# Comic book printing plate



## digginfool (Oct 2, 2006)

Dug this up in Northampton, Mass.  At first, I thought it was a rubber floor mat, but closer inspection proved otherwise.  It is a comic book printing plate titled, "SPEEDY RABBIT."   It is a reverse image of the cover. It is roughly from 1963.  I believe it is one-of-a kind,therefore maybe valuable.  Any idea what it may be worth?  Or any idea of any comic-geek websites?


----------



## wvhillbilly (Oct 2, 2006)

Wow Id love to find something like that[]


----------



## digginfool (Oct 2, 2006)

I bought the comic book itself from ebay.  It was obviously a time when chasing animals with bats was still politically correct.


----------



## Niko (Oct 3, 2006)

Wow what a great find!
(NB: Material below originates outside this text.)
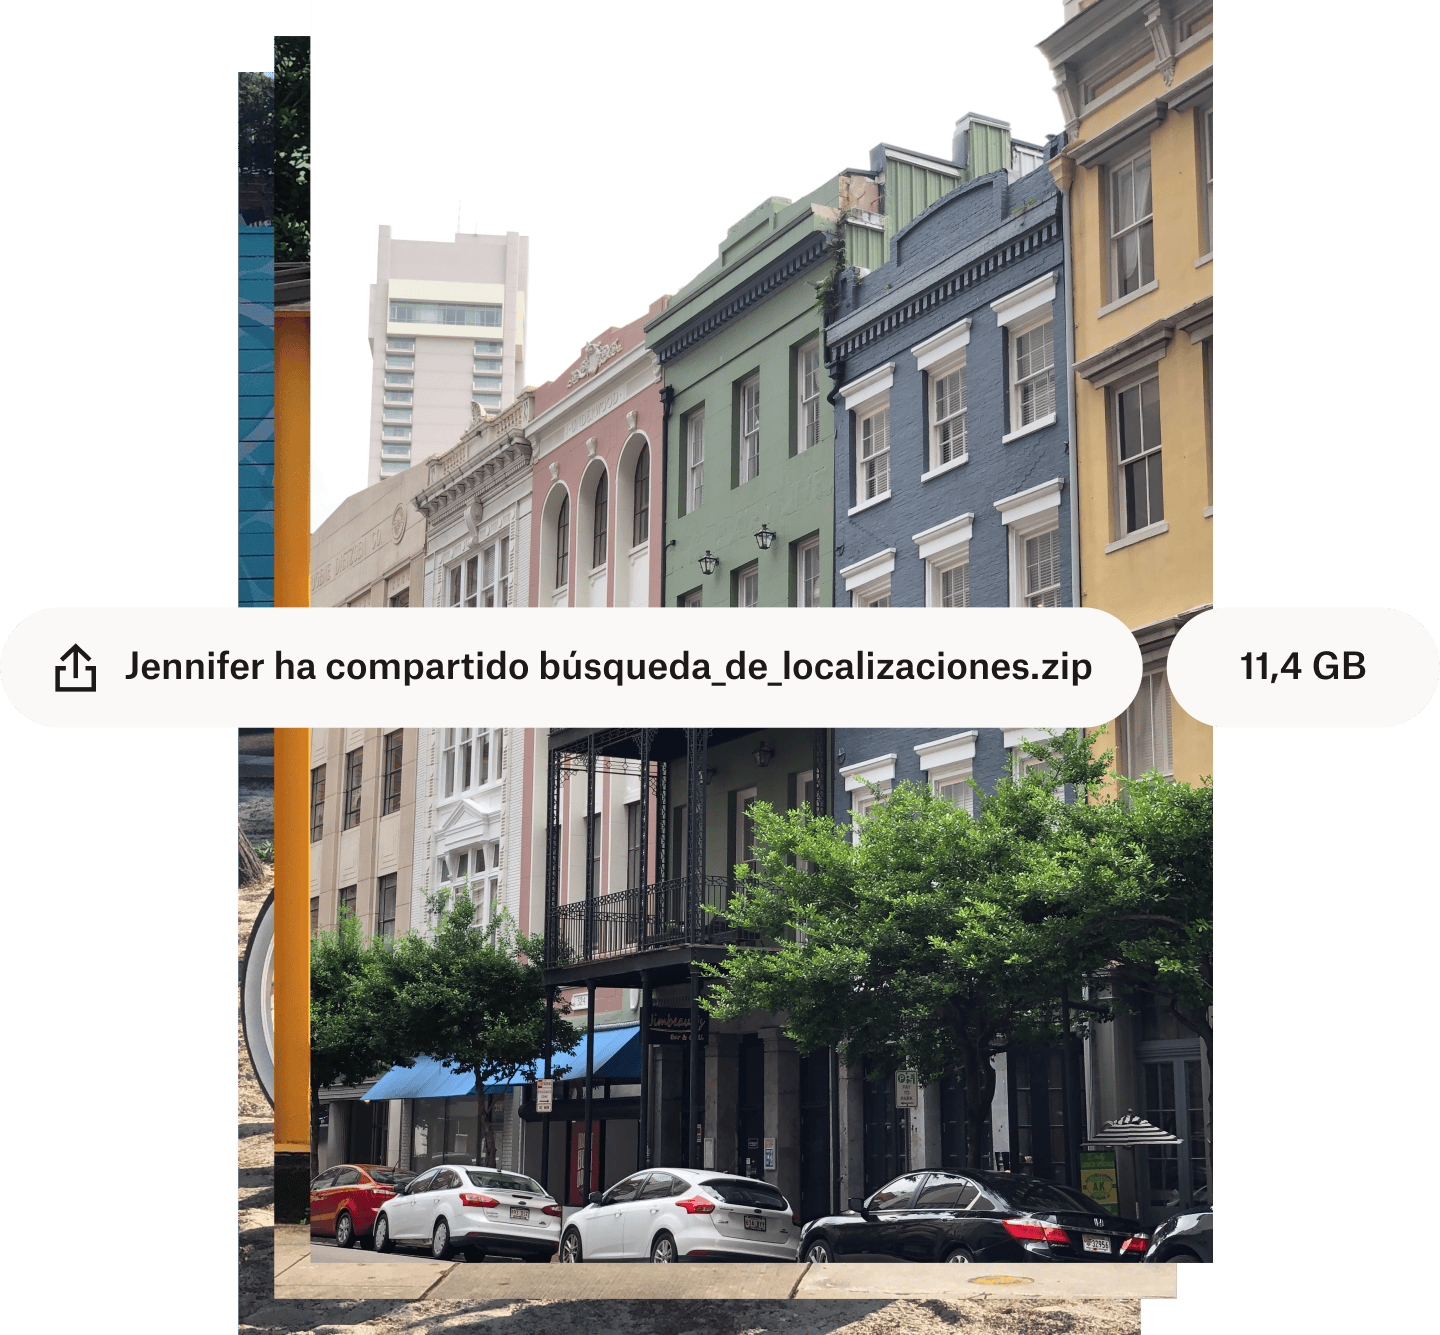 Foto de una calle de una ciudad con coloridos edificios con el nombre y el tamaño del archivo superpuestos en burbujas de texto blanco

Keep up the good digging


----------



## Steve in MA (Oct 5, 2006)

I love timed out sessions.  ok, long story short, Not much collector's interest in the book = not much interest in the plate.  Superman or Spider-man, you are talking some good cash, but my guess would be $25-50.  There was a comic book musuem in Northampton created by one of the creators of the Teenage Mutant Ninja Turtles, but it closed a few years ago.  If you wanted to sell it, framing it with the issue might increase value to $100+, but most of that money is in the frame.  www.gdcomics.com is a dealer in Easthampton that has been in business for years that I know of through reputation.  www.thatse.com has also een there for years, I've had dealings with them, and they are top-notch.  They might be able to give you a better idea.  Sometimes small editorial cartoon plates are turned up by metal detectors, butI haven't found any yet, nice find!!


----------